Computed tomographic measures of pulmonary vascular morphology in smokers and their clinical implications
- PMID: 23656466
- PMCID: PMC3778757
- DOI: 10.1164/rccm.201301-0162OC
Computed tomographic measures of pulmonary vascular morphology in smokers and their clinical implications
Abstract
Rationale: Angiographic investigation suggests that pulmonary vascular remodeling in smokers is characterized by distal pruning of the blood vessels.
Objectives: Using volumetric computed tomography scans of the chest we sought to quantitatively evaluate this process and assess its clinical associations.
Methods: Pulmonary vessels were automatically identified, segmented, and measured. Total blood vessel volume (TBV) and the aggregate vessel volume for vessels less than 5 mm(2) (BV5) were calculated for all lobes. The lobe-specific BV5 measures were normalized to the TBV of that lobe and the nonvascular tissue volume (BV5/T(issue)V) to calculate lobe-specific BV5/TBV and BV5/T(issue)V ratios. Densitometric measures of emphysema were obtained using a Hounsfield unit threshold of -950 (%LAA-950). Measures of chronic obstructive pulmonary disease severity included single breath measures of diffusing capacity of carbon monoxide, oxygen saturation, the 6-minute-walk distance, St George's Respiratory Questionnaire total score (SGRQ), and the body mass index, airflow obstruction, dyspnea, and exercise capacity (BODE) index.

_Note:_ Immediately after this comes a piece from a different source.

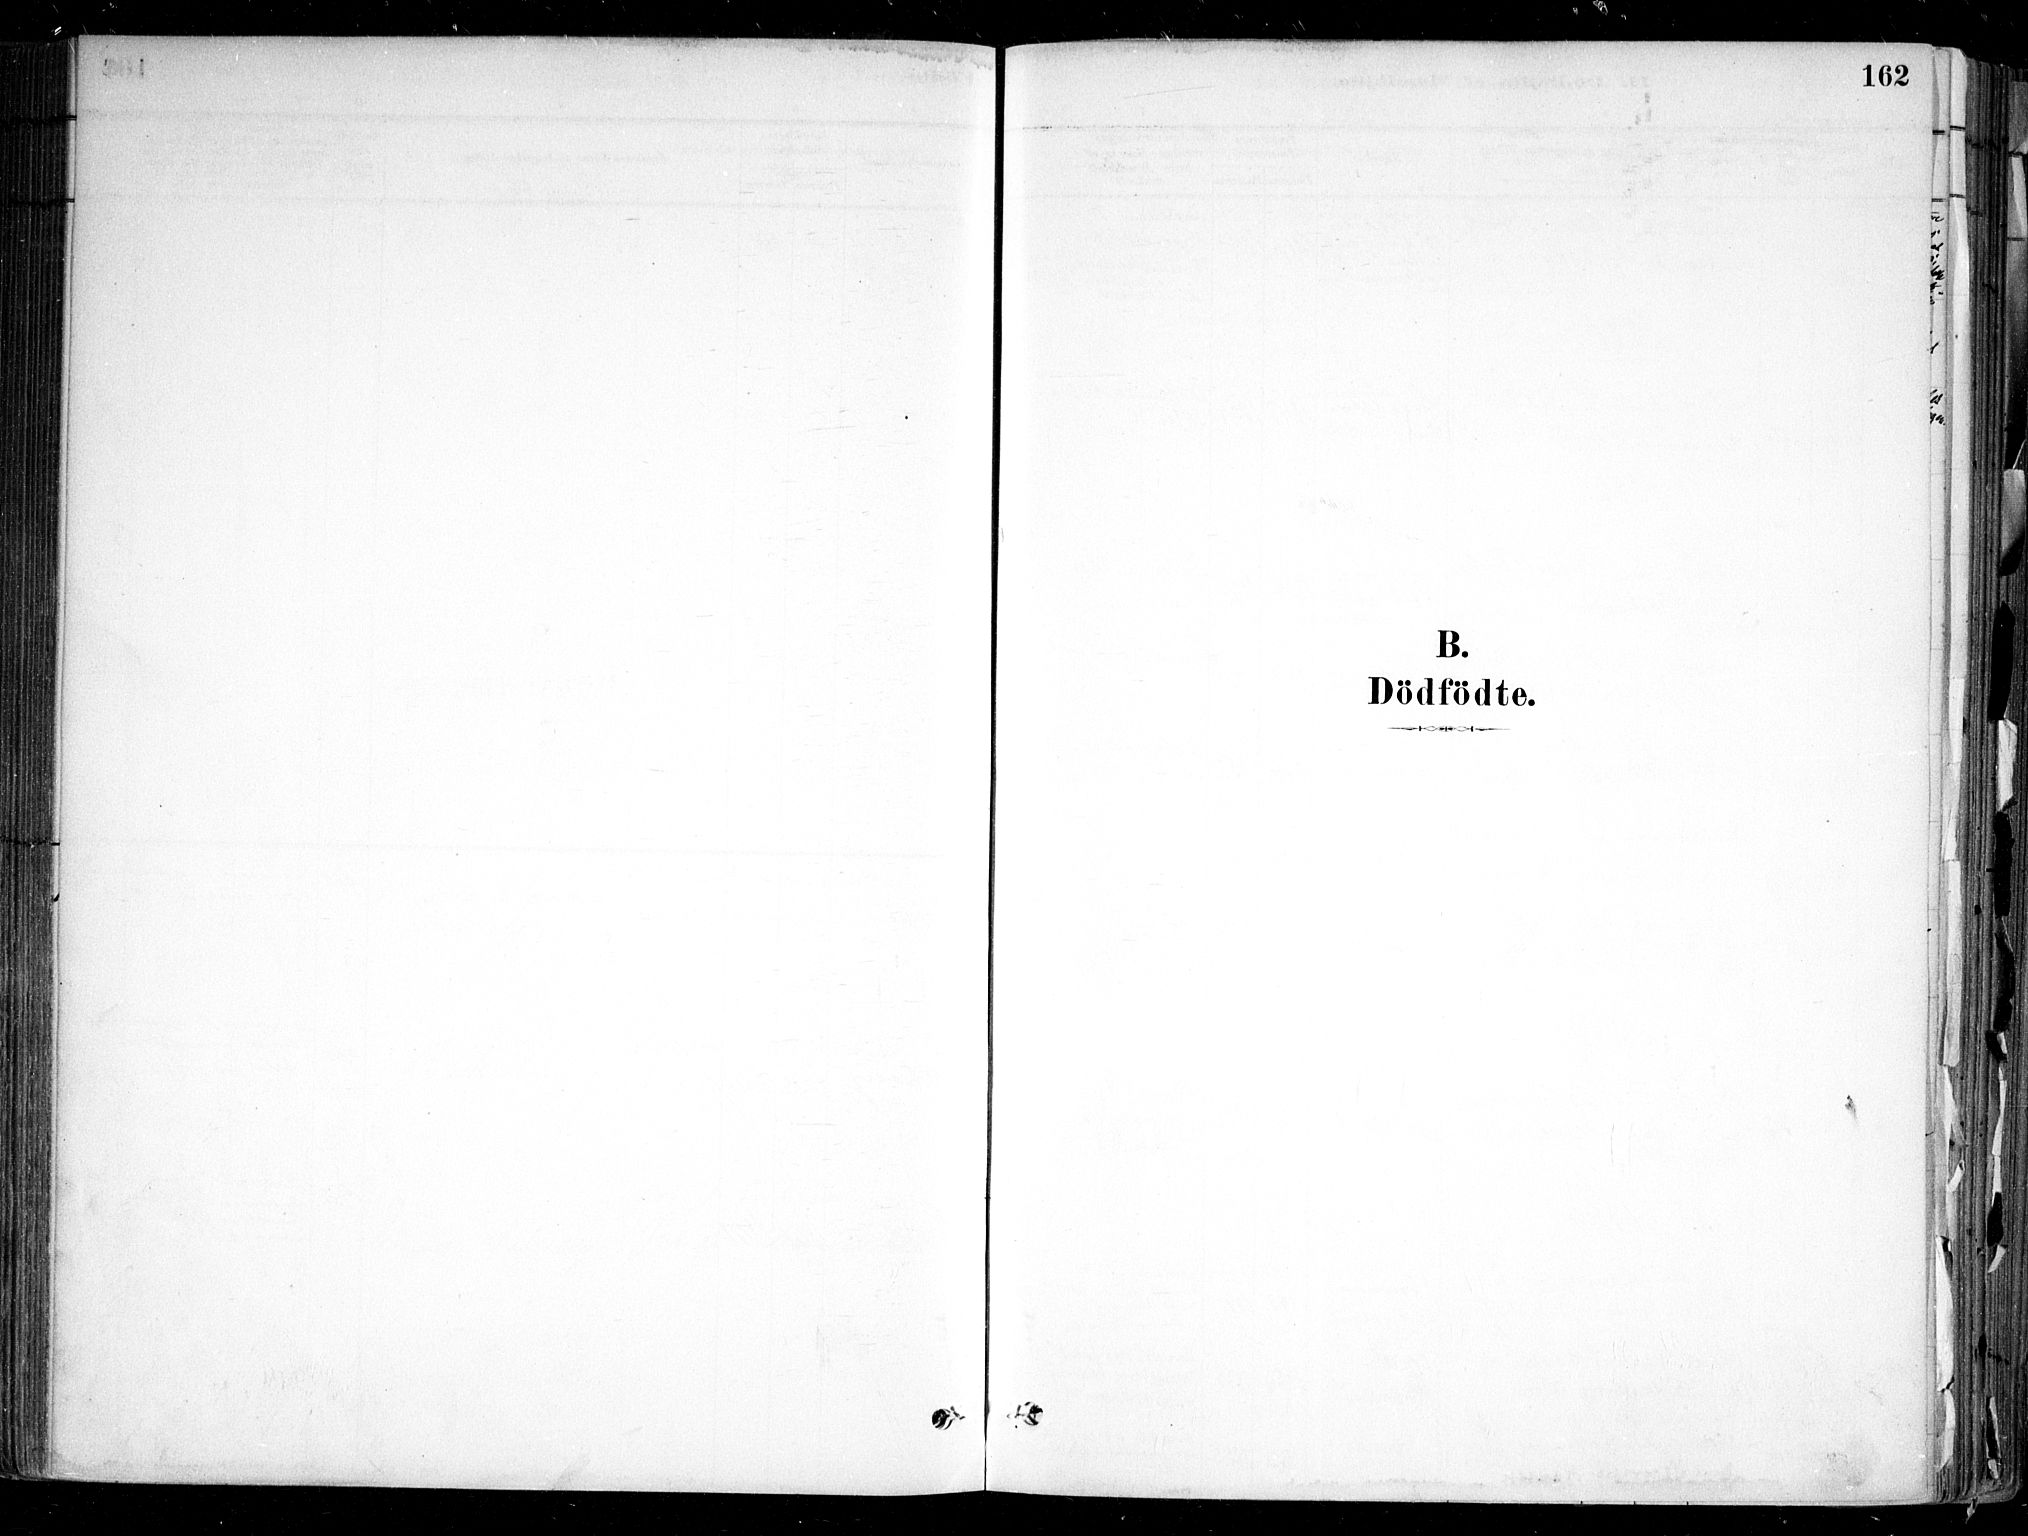 SAO, Nesodden prestekontor Kirkebøker, F/Fa/L0009: Ministerialbok nr. I 9, 1880-1915, s. 162

Measurements and main results: The %LAA-950 was inversely related to all calculated vascular ratios. In multivariate models including age, sex, and %LAA-950, lobe-specific measurements of BV5/TBV were directly related to resting oxygen saturation and inversely associated with both the SGRQ and BODE scores. In similar multivariate adjustment lobe-specific BV5/T(issue)V ratios were inversely related to resting oxygen saturation, diffusing capacity of carbon monoxide, 6-minute-walk distance, and directly related to the SGRQ and BODE.
Conclusions: Smoking-related chronic obstructive pulmonary disease is characterized by distal pruning of the small blood vessels (<5 mm(2)) and loss of tissue in excess of the vasculature. The magnitude of these changes predicts the clinical severity of disease.